= EXERCISE REQUIREMENTS =
Word for word, output every line of the material below, minus pictures.

= GIVEN MATERIAL =

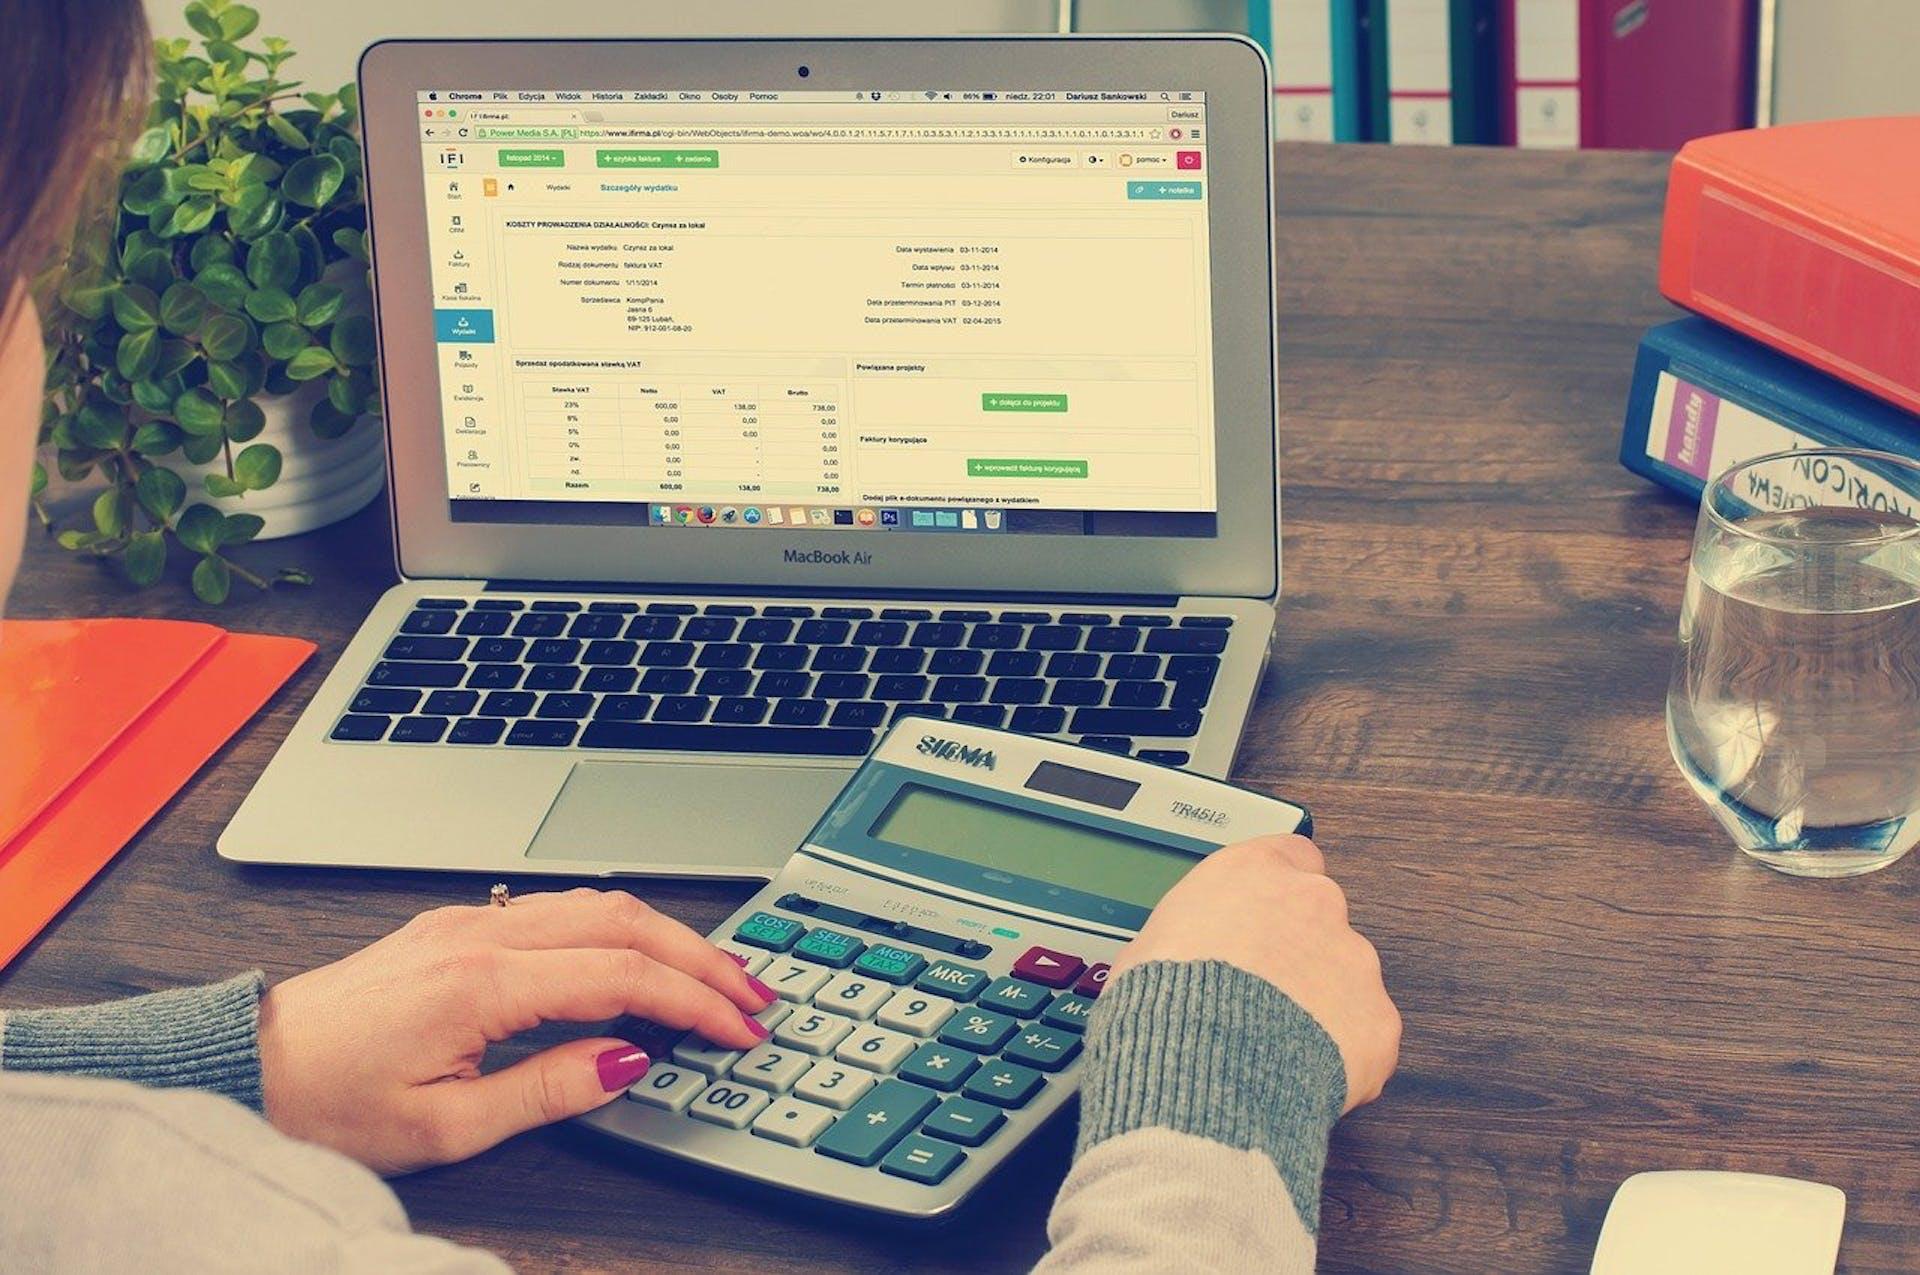 ¿Cómo llevar la contabilidad de un negocio? tips para triunfar
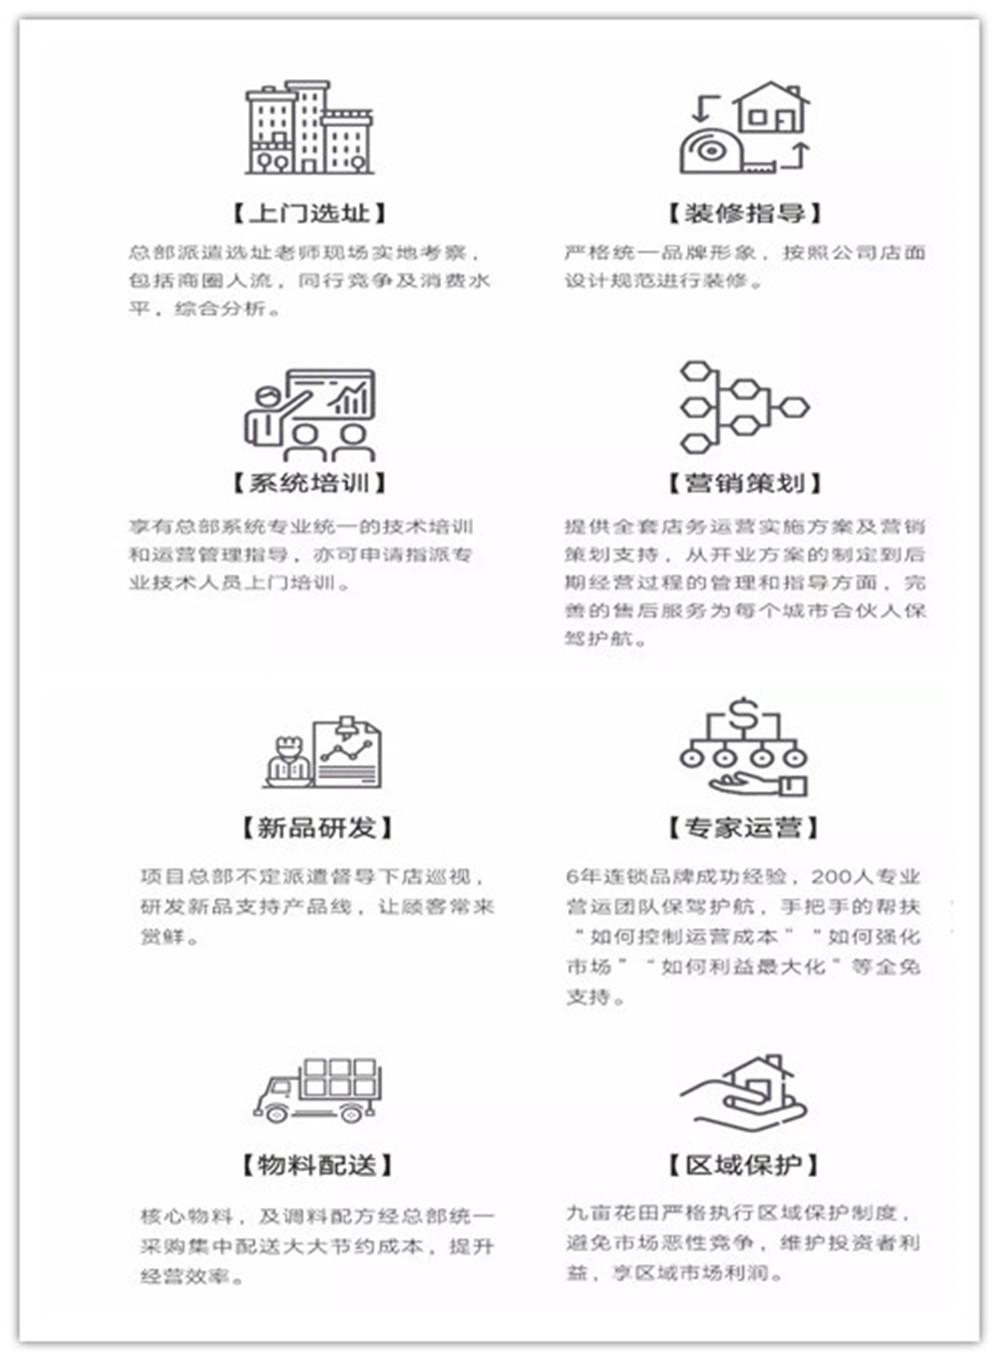 2019广州餐饮加盟展-广州餐饮加盟展览会-九亩花田加盟优势
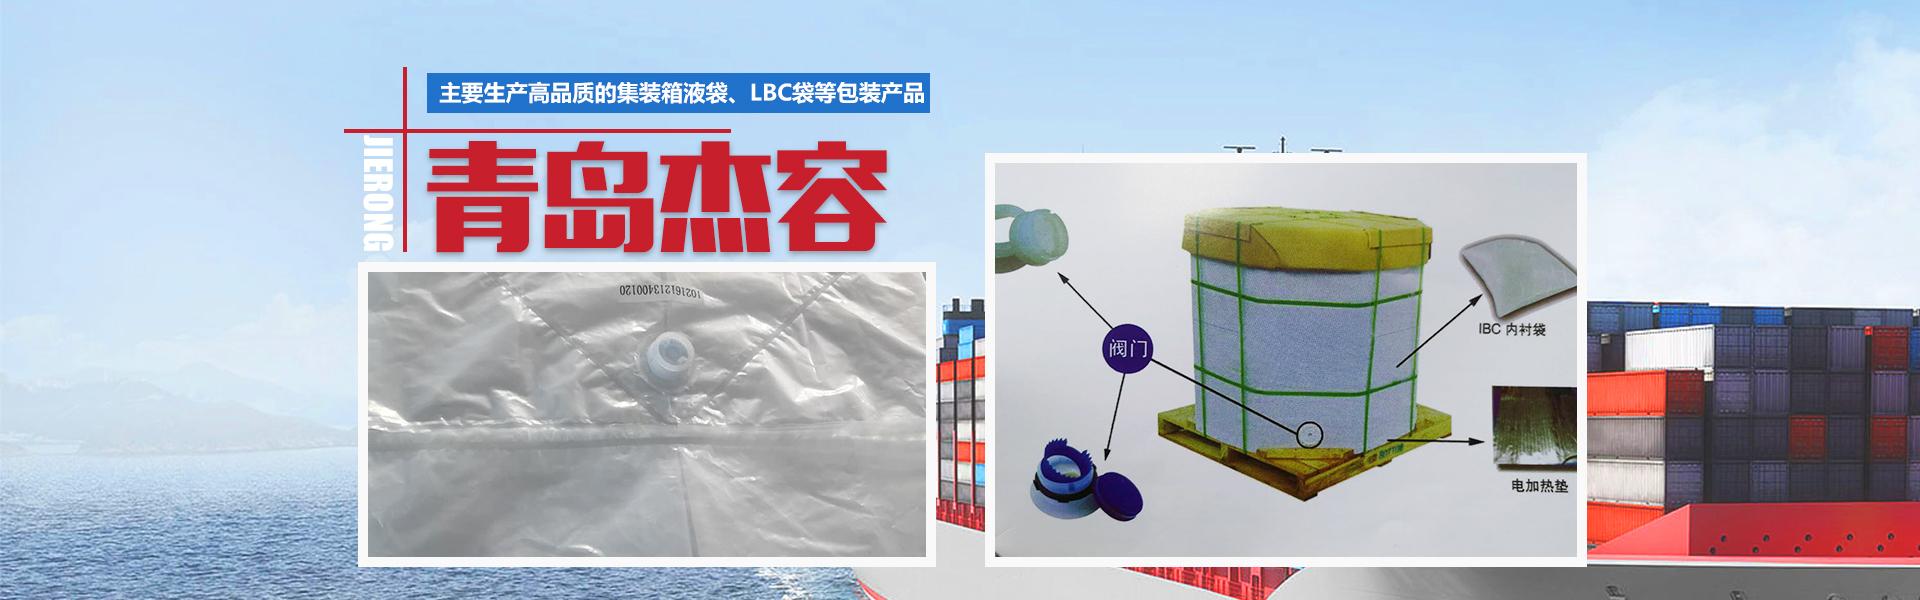 青岛杰容包装有限公司是一家以集装箱液袋,IBC内衬袋等产品的研发、生产、销售、服务于一体的包装企业。

= WRITTEN SOLUTION =
 ¿Cómo llevar la contabilidad de un negocio? tips para triunfar
 2019广州餐饮加盟展-广州餐饮加盟展览会-九亩花田加盟优势
 青岛杰容包装有限公司是一家以集装箱液袋,IBC内衬袋等产品的研发、生产、销售、服务于一体的包装企业。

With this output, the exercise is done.